RECORDS SUPPLIED:

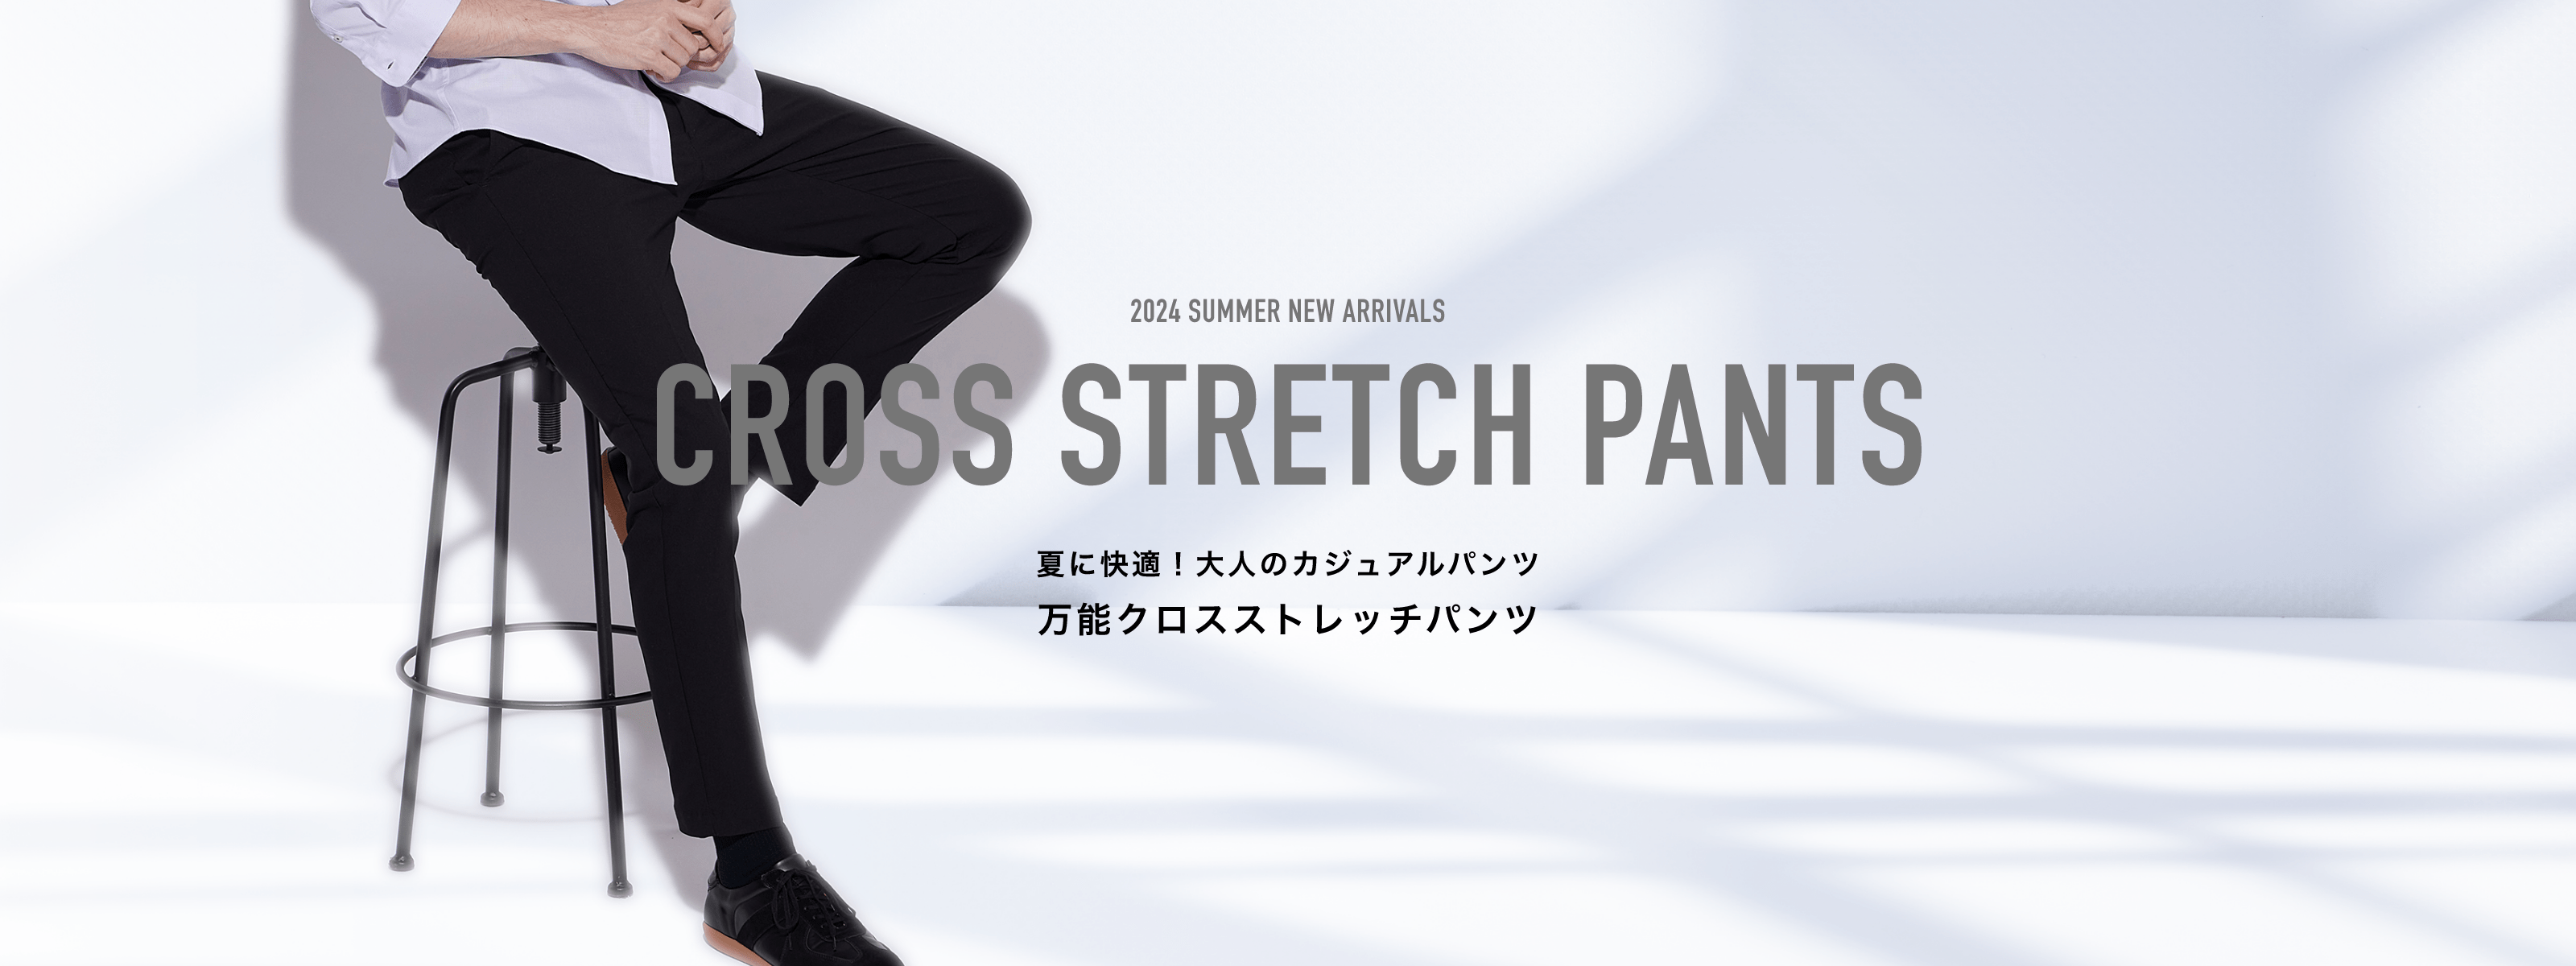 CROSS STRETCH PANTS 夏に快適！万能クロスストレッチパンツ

==

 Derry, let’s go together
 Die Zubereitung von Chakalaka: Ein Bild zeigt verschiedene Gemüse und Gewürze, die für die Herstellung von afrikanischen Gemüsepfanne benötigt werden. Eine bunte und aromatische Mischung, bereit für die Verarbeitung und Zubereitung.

GOAL OF THE EXERCISE:
Extract from the records above the lines from the one containing "Derry, let’s go together" to the one containing "Die Zubereitung von", both lines included, exactly as they appear and with nothing else.

SOLUTION FOR THIS EXERCISE:
 Derry, let’s go together
 Die Zubereitung von Chakalaka: Ein Bild zeigt verschiedene Gemüse und Gewürze, die für die Herstellung von afrikanischen Gemüsepfanne benötigt werden. Eine bunte und aromatische Mischung, bereit für die Verarbeitung und Zubereitung.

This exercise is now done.